The green chloroplast is one of a group of organelles called plastids. All plastids contain stacked internal membrane sacs. These sacs are enclosed in a double membrane and have the ability to perform photosynthesis. Only plastids exposed to light develop pigments and participate in collecting energy from light. Plastids also act as storage containers for starches, lipids, and proteins. These organelles contain their own DNA and ribosomes, and new plastids are produced through the division of existing plastids. The green pigment chlorophyll gives chloroplasts their colour and also absorbs solar energy, allowing photosynthesis to occur. The chlorophyll, other pigments, and enzymes necessary for photosynthesis are contained within a special membrane system.

Prokaryotic CellsEdit

Prokaryotic cells lack any membrane-bound organelles. They do contain thousands of ribosomes. The nucleoid of a prokaryote contains a single loop of double stranded DNA. Hoever, some prokaryotes also contain self-replicating circular loops of DNA called plasmids. Plasmids often carry information that gives the cell resistance to certain antibiotics and heavy metals or the ability to synthesize or break down certain compounds.
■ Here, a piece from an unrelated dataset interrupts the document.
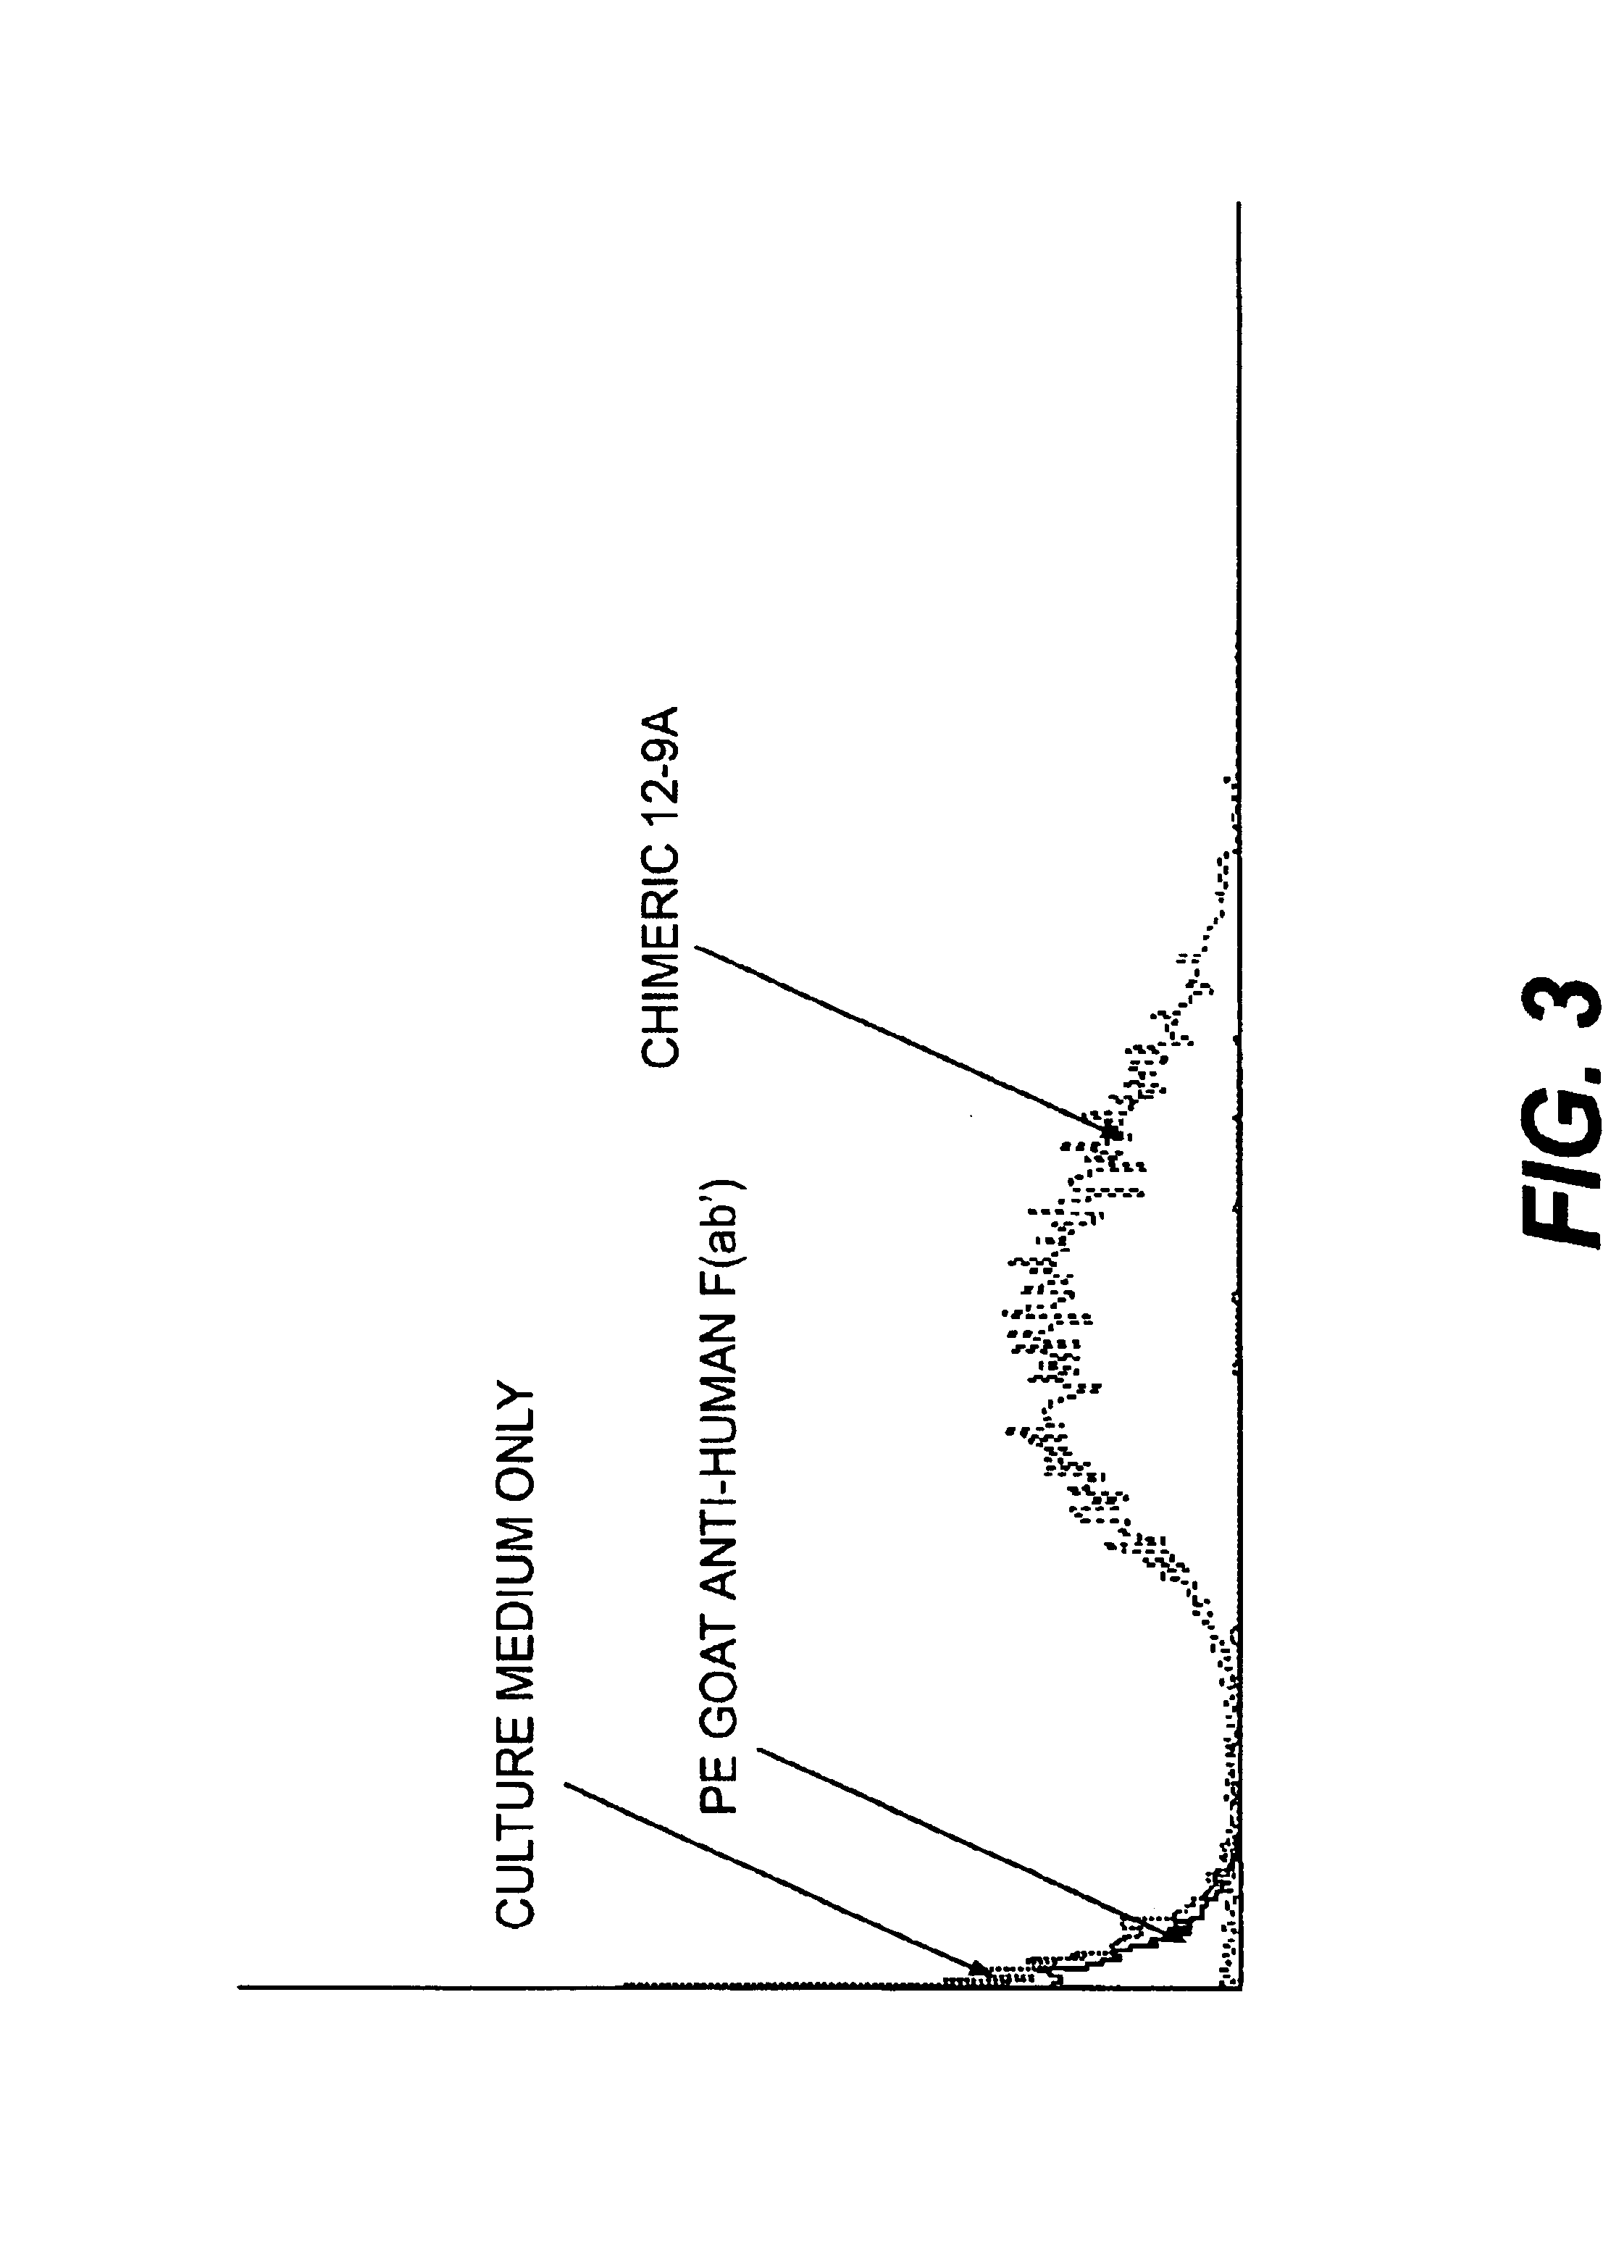 Monoclonal antibodies to the ClfA protein and method of use in treating or preventing infections

Almost all prokaryotes have a cell wall consisting of a unique macromolecule called peptidoglycan. Some prokaryotes have a capsule or slime layer around the cell wall. Bacteria that can carry out photosynthesis have thylakoids that develop from invaginations of the cell membrane.

Some prokaryotes have flagella. unlike eukaryotic flagella, these rotate like propellers. A prokaryotic cell may also have hollow appengages called pili. These allow the cells to stick to other cells or surfaces and to exchange plasmids with other prokaryotic cells. Without the many folded membranes of eukaryotic organelles, prokaryotic cells have limited surface area available for reaction sites - although some species have areas of folded cell membrane. Still, prokaryotes work efficiently to meet their needs using a smaller number of reactions than eukaryotes do. Small eukaryotic cells benefit from rapid internal diffusion of materials. Prokaryotic intracellular fluid contains areas of different concentrations of materials, which provide some segregation of chemicals and reactions.